The 2022 Campeonato Brasileiro de Futebol Feminino Série A1 started on 4 March 2022 and ended on 24 September 2022.

- Atlético Mineiro
- Avaí/Kindermann
- Corinthians
- CRESSPOM
- Cruzeiro
- ESMAC
- Ferroviária
- Flamengo/Marinha
- Grêmio
- Internacional
- Palmeiras
- Real Brasília
- Red Bull Bragantino
- Santos
- São José
- São Paulo

The Campeonato Brasileiro de Futebol Feminino Série A1 final was played between Corinthians and Internacional.
----
18 September 2022
Internacional 1-1 Corinthians
----
24 September 2022
Corinthians 4-1 Internacional
----
Corinthians won the league after defeating Internacional.

====Relegation====
The four worst placed teams, CRESSPOM, Red Bull Bragantino, São José and ESMAC, were relegated to the following year's second level.

===Campeonato Brasileiro de Futebol Feminino Série A2===

The 2022 Campeonato Brasileiro de Futebol Feminino Série A2 started on 11 June 2022 and ended on 17 September 2022.

- Aliança/Goiás
- América Mineiro
- Athletico Paranaense
- Bahia
- Botafogo
- Botafogo (PB)
- Ceará
- CEFAMA
- Fluminense
- Fortaleza
- Iranduba
- JC
- Minas/ICESP
- Real Ariquemes
- UDA
- Vasco da Gama

Napoli was disbanded. They were replaced by CEFAMA

The Campeonato Brasileiro de Futebol Feminino Série A2 final was played between Athletico Paranaense and Ceará.
----
10 September 2022
Athletico Paranaense 2-0 Ceará
----
17 September 2022
Ceará 2-0 Athletico Paranaense
----
Ceará won the league after defeating Athletico Paranaense.

====Promotion====
The four best placed teams, Bahia, Ceará, Athletico Paranaense and Real Ariquemes, were promoted to the following year's first level.

====Relegation====
The four worst placed teams, Vasco da Gama, Iranduba, CEFAMA and Aliança/Goiás, were relegated to the following year's third level.

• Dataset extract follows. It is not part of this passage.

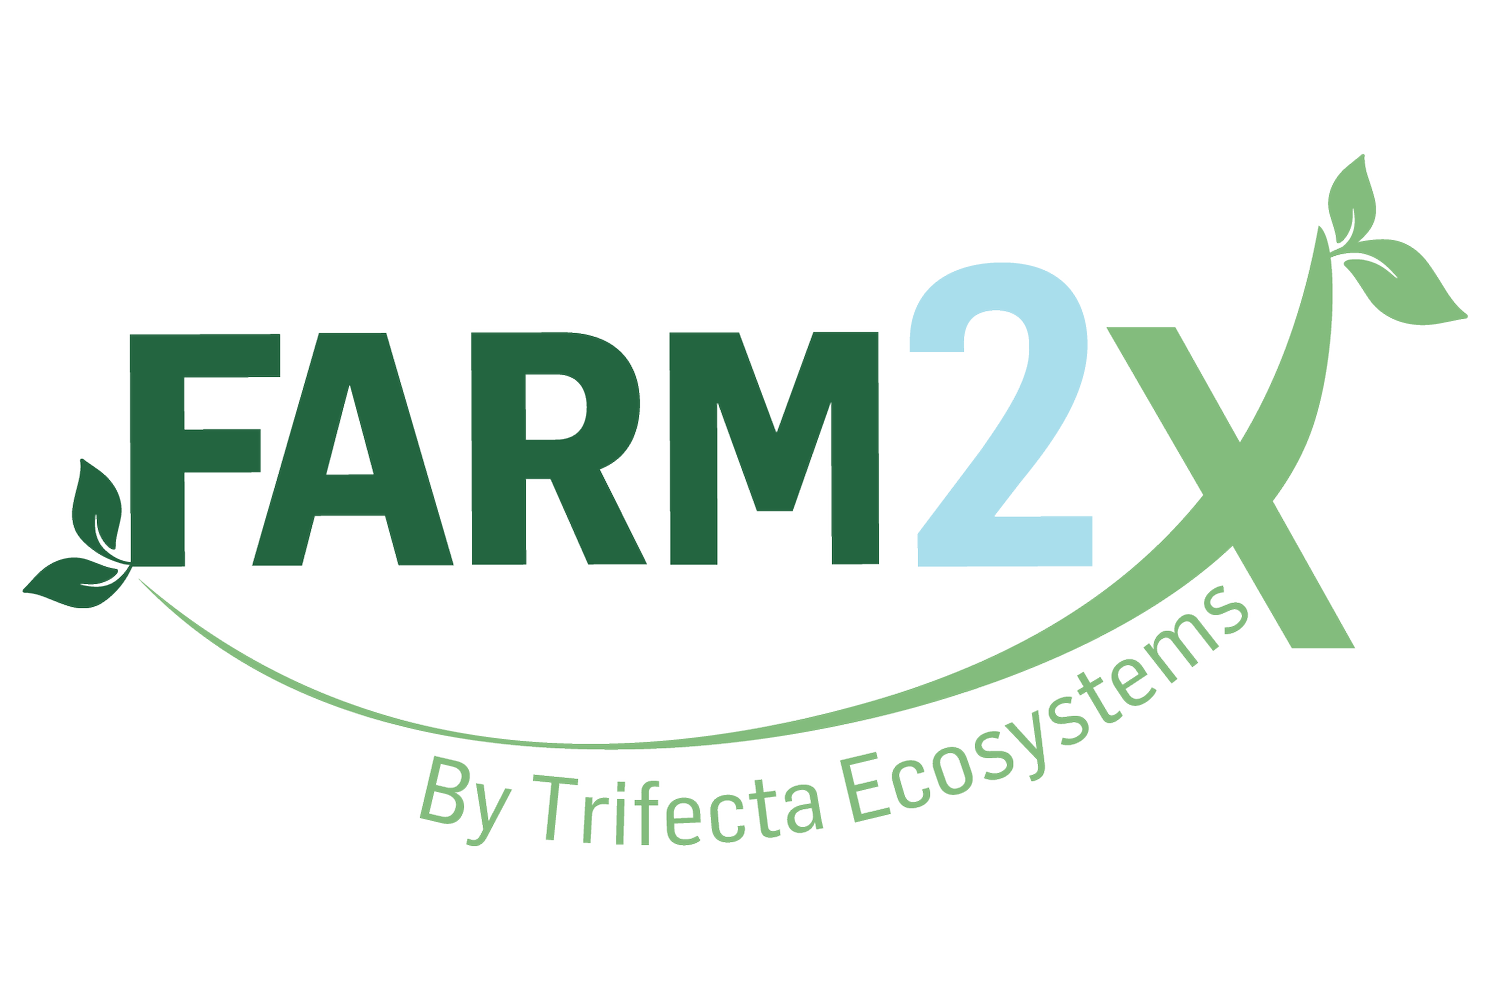 Farm2x

===Campeonato Brasileiro de Futebol Feminino Série A3===

The 2022 Campeonato Brasileiro de Futebol Feminino Série A3 started on 11 June 2022 and ended on 28 August 2022.

- 3B da Amazônia
- Abelhas Rainhas
- Atlético Goianiense
- Barcelona
- Cabofriense
- Coritiba/Imperial
- CRB
- Criciúma
- Cuiabá
- Doce Mel/Jequié EC
- Estanciano
- Flamengo de São Pedro
- Ipatinga
- Juventude
- Legião
- Menina Olímpica
- Mixto
- Náutico
- Operário
- Paraíso
- Realidade Jovem
- Remo
- Rio Branco (AC)
- São Raimundo (RR)
- Sport
- AD Taubaté
- Toledo
- União/ABC
- VF4
- Vila Nova/UNIVERSO
- Vila Nova (ES)
- Ypiranga (AP)

Teresina declined to participate in the Série A3. They were replaced by Abelhas Rainhas.
Chapecoense qualified for the Série A3 via RNC but declined to participate. They were replaced by Juventude. As the 2021 Campeonato Maranhense Feminino was not played, the Maranhão berth was granted to Vitória via RNC. However they did not confirm their participation before the deadline and were excluded. Finally the berth was granted to Coritiba/Imperial.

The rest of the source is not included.